Ces raisons véritablement ont beaucoup d’apparence15, mais peu de solidité ; ce sont vapeurs enflammées qu’ils nous veulent faire passer pour des [NP5]astres ; et si nous suivons ces Ardens16, ils nous conduiront dans le précipice.

N’est-il pas vrai qu’une belle fable17 coûte à l’esprit un nombre infini de profondes méditations ? Que tout ce qu’il a de force est trop faible pour pénétrer les obstacles qui s’opposent à son dessein, et qu’à moins que d’être éclairé d’une lumière purement céleste, il est malaisé qu’il se fasse jour dans les ténèbres dont son imagination l’enveloppe ? Elle se forme mille desseins, et sans règle et sans suite ; et si la raison ne réprime ses saillies, il est d’elle comme de la vigne, qui n’étant pas taillée jette du bois en confusion, et n’apporte d’ordinaire que de mauvais fruit[s].

Certes de toutes les choses du monde, la plus difficile à mon avis est d’inventer avec grâce, et de faire passer aux yeux des sages, une feinte pour une vérité. L’or faux impose facilement à la vue, mais malaisément à la coupelle18 ; et les raisins de ce fameux peintre de l’Antiquité avaient bien la forme et la couleur des véritables, mais ils ne trompaient guère que les oiseaux19.

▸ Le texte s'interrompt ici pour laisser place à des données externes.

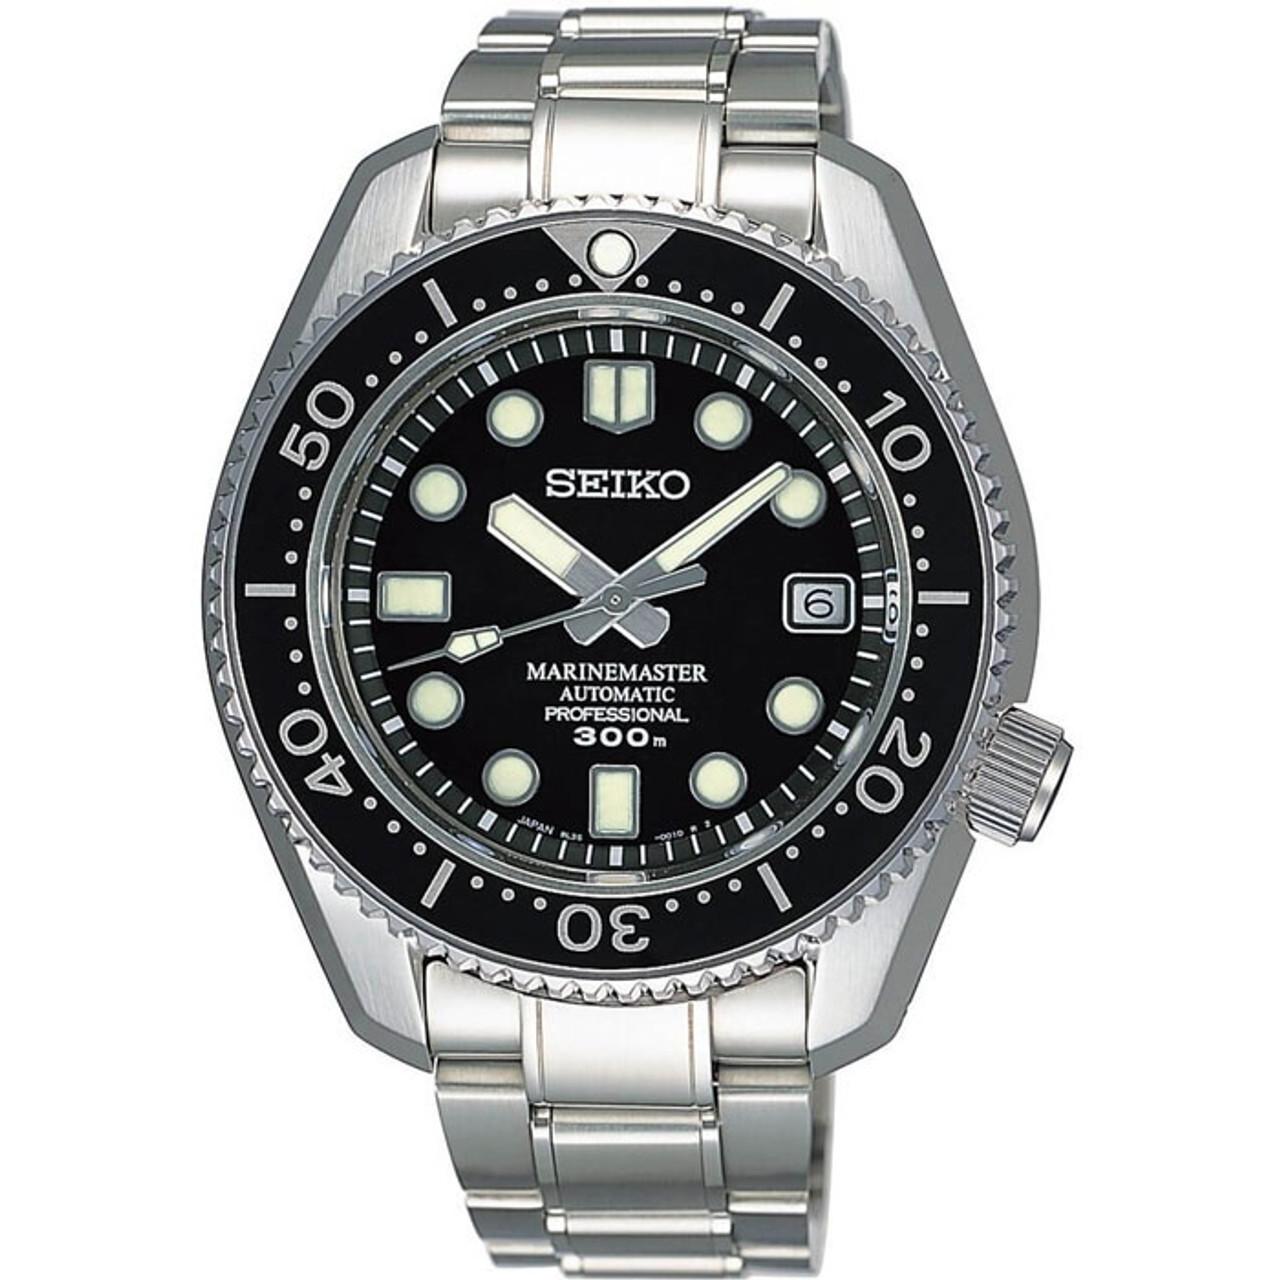 Seiko Prospex SBDX001 Marine Master Automatic

Quelle gloire mérite donc, Monsieur, celui qui comme vous, trompe si adroitement ses auditeurs, qu’il leur fait passer des mensonges agréables [NP6] pour des vérités historiques ? Certes après de si rares productions de votre esprit, je ne m’étonne plus si nos pères ont dressé des statues aux inventeurs des belles choses, ni s’ils les ont tenus pour des dieux, ou du moins pour des personnes extraordinaires. Mais je ne puis assez m’étonner de l’aveuglement de ces esprits, qui se figurent qu’il y a moins de difficultés de mettre au jour ce qui n’est point, que d’ajouter à ce qui est déjà fait. Il faut qu’ils confessent eux-mêmes, que l’histoire est un excellent crayon, où la posture des personnages est déjà naturellement exprimée ; si bien qu’il ne reste plus qu’à y donner le coloris, pour en faire un admirable tableau20 .

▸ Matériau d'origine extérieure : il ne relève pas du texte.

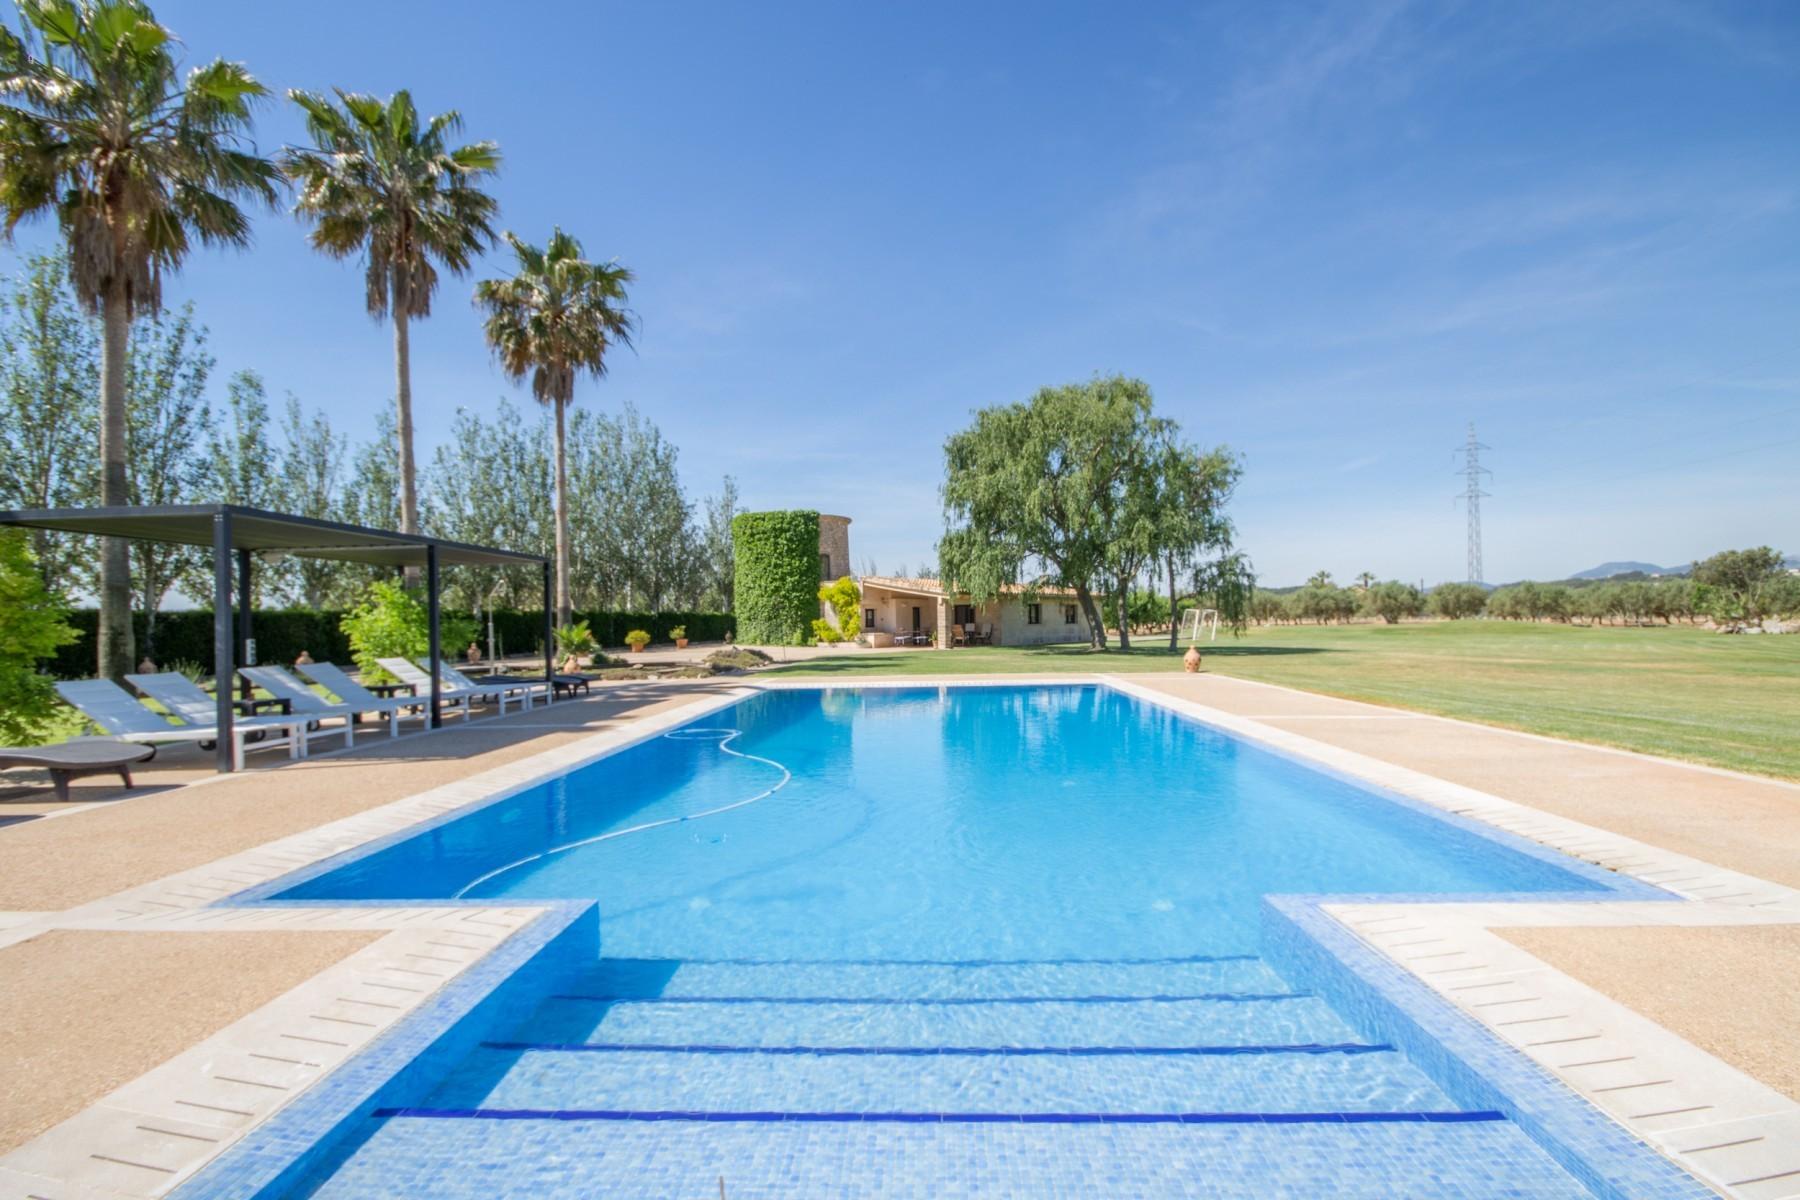 Casa rural con piscina para 15 personas en b ger mallorca for Casa rural 15 personas con piscina

Mais nous ne tirons pas ce secours des pièces que nous inventons : ce ne sont que formes sans formes, qu’espaces vides, que nous devons remplir de choses qui ne sont point en l’être des choses ; notre esprit n’y trouve ni modèle, ni soutien : il s’appuie sur ces propres forces, et il est tout ensemble, et le peintre, et le tableau de ses ouvrages ; enfin il fait en soi-même ce que Dieu fit autrefois hors de soi : il donne l’être à des merveilles qu’il appelle du néant, et tire de soi sans nul secours ce que sa raison débite à tous les hommes.

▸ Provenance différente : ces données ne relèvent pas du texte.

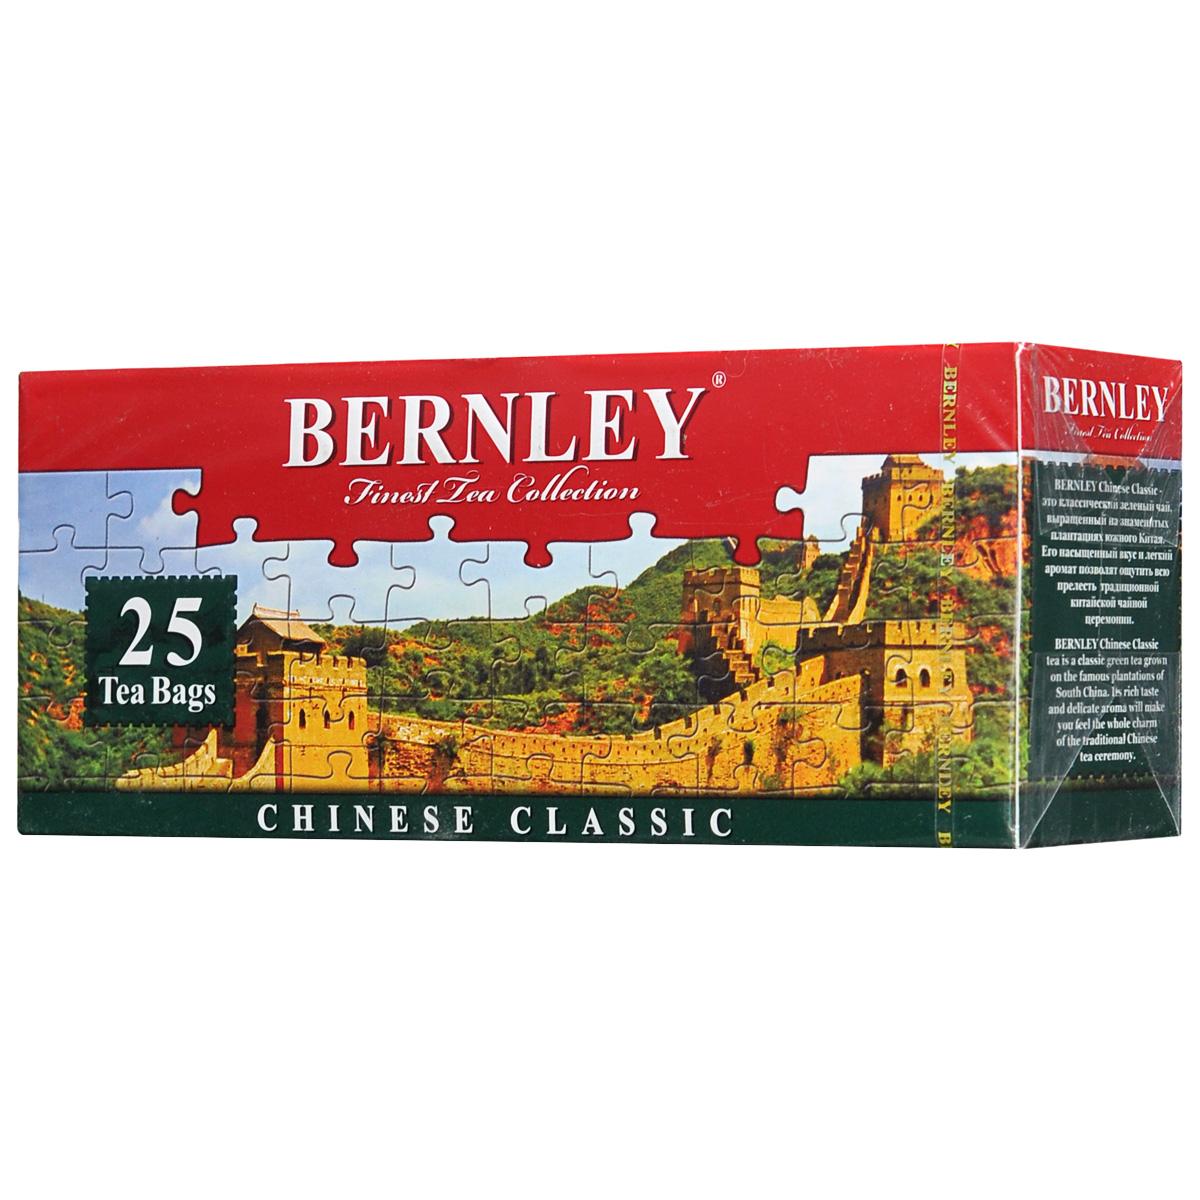 Bernley Chinese Classic зеленый чай в пакетиках, 25 шт

[NP7] Est-il donc possible, Monsieur, que vos censeurs se persuadent qu’il n’y a presque ni peine, ni gloire à faire une chose qui nous égale en quelque sorte à la Toute-puissance ? Certes, il ne fut jamais de créance plus erronée que la leur, mais il ne s’en faut pas étonner : l’esprit a ses maladies comme le corps, et la plus incurable de toutes est l’opinion. Toutefois s’ils désirent de sortir d’erreur, ils n’ont qu’à travailler à l’invention de quelque beau sujet de théâtre ; ils reconnaîtront bientôt la difficulté de l’ouvrage par la faiblesse de l’ouvrier. Ils broncheront à chaque pas, n’étant plus appuyés de l’histoire, et ces Anthées21 perdront l’haleine si tôt qu’ils perdront la terre. Alors ils quitteront leurs sentiments pour prendre les miens, et confesseront que La Belle Esclave ne vous a pas coûté si peu comme ils se figurent. Les chefs-d’œuvre ne se font pas facilement, et je ne m’y connais point, ou jamais il n’en fut un plus achevé que celui-ci. Mais employer des couleurs si sombres que les miennes à peindre en raccourci dans une lettre cette adorable captive, c’est imiter les astrologues, qui mesurent la lune par l’ombre de la terre, et la terre par un point.